A routine break-in at the home of Sûreté homicide chief Armand Gamache leads slowly but surely to the revelation of a potentially calamitous threat to all Québec.

At first it seems as if nothing at all triggered the burglar alarm at Gamache’s home in Three Pines; it was literally a false alarm. It’s not till he receives a package containing his summer jacket that Gamache realizes someone really did get into his house, choosing to steal exactly this one item and return it with a cryptic note referring to “some malady…water” and “Angelica stems.” Having already refused to meet with Jeanne Caron, chief of staff to Marcus Lauzon, a powerful politician who’s already taken vengeance on Gamache and his family for not expunging his child’s criminal record, Gamache now agrees to meet with Charles Langlois, a marine biologist with ties to Caron who confesses to a leading role in stealing Gamache’s jacket.

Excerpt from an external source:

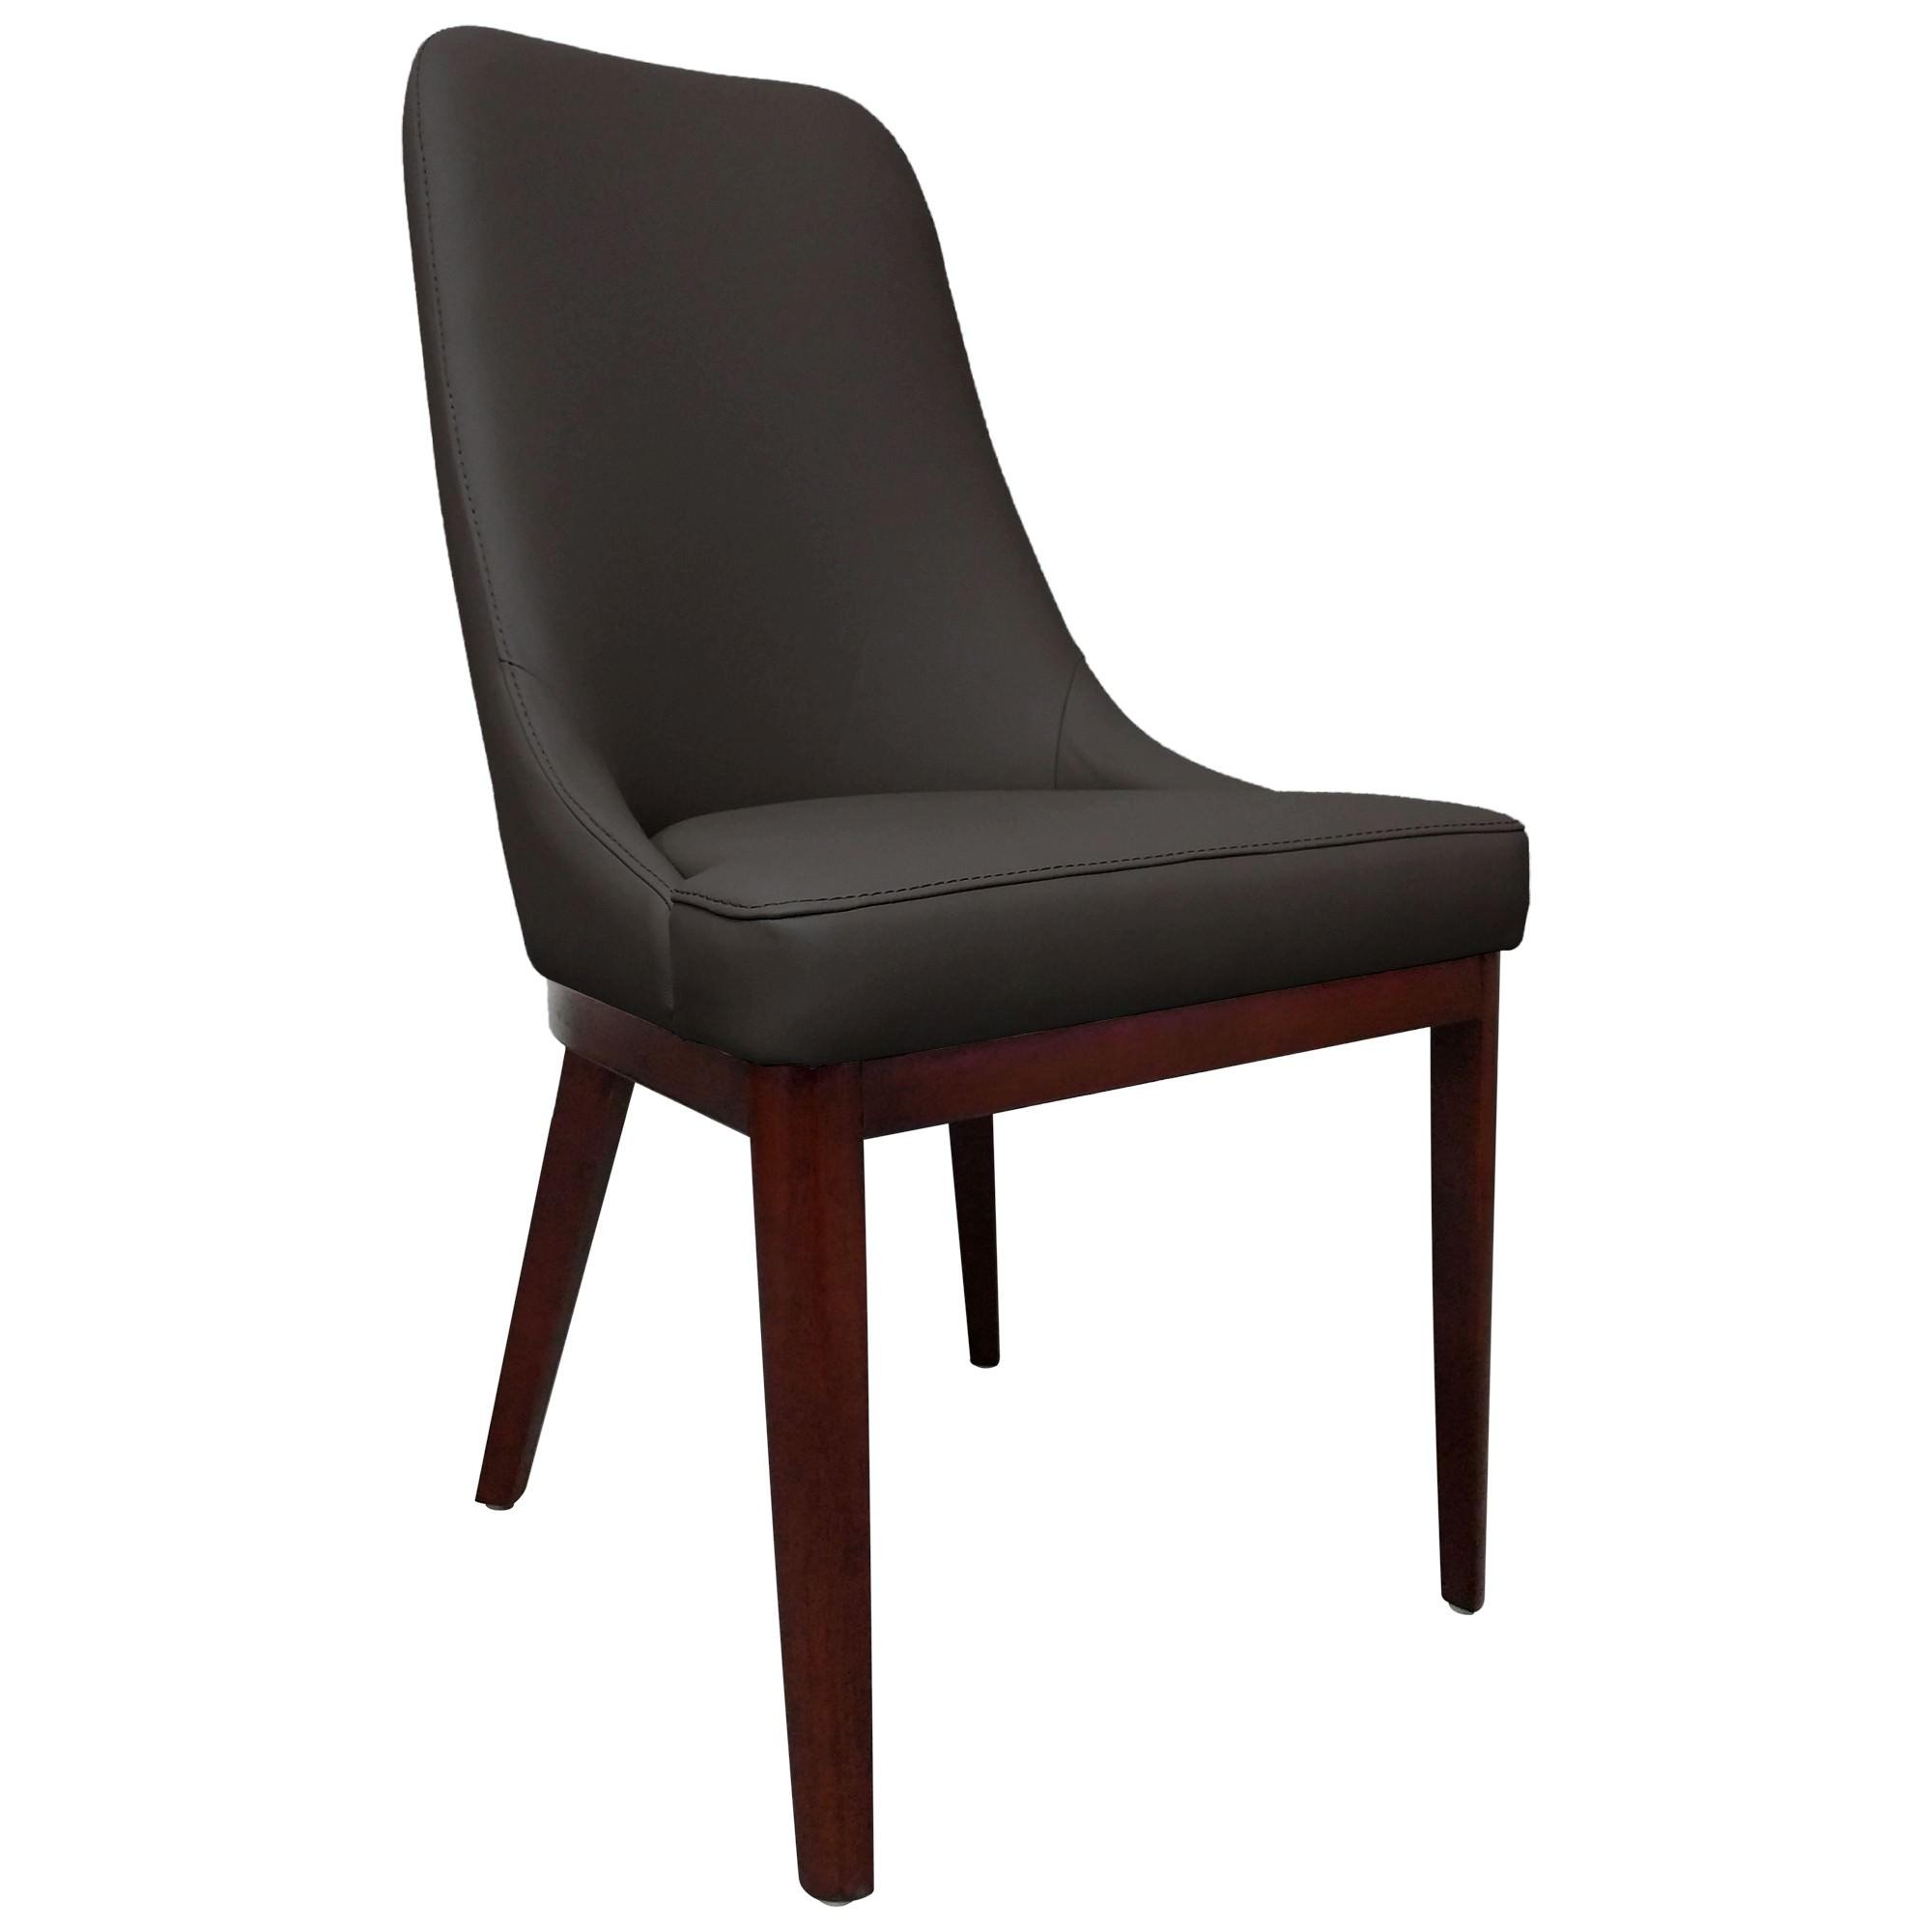 Sarah Leather Dining Chair, Dark Brown

Their meeting ends inconclusively for Gamache, who’s convinced that Langlois is hiding something weighty, and all too conclusively for Langlois, who’s killed by a hit-and-run driver as he leaves. The news that Langlois had been investigating a water supply near the abbey of Saint-Gilbert-Entre-les-Loups sends Gamache scurrying off to the abbey, where the plot steadily thickens until he’s led to ask how “an old recipe for Chartreuse” can possibly be connected to “a terrorist plot to poison Québec’s drinking water.” That’s a great question, and answering it will take the second half of this story, which spins ever more intricate connections among leading players that become deeply unsettling.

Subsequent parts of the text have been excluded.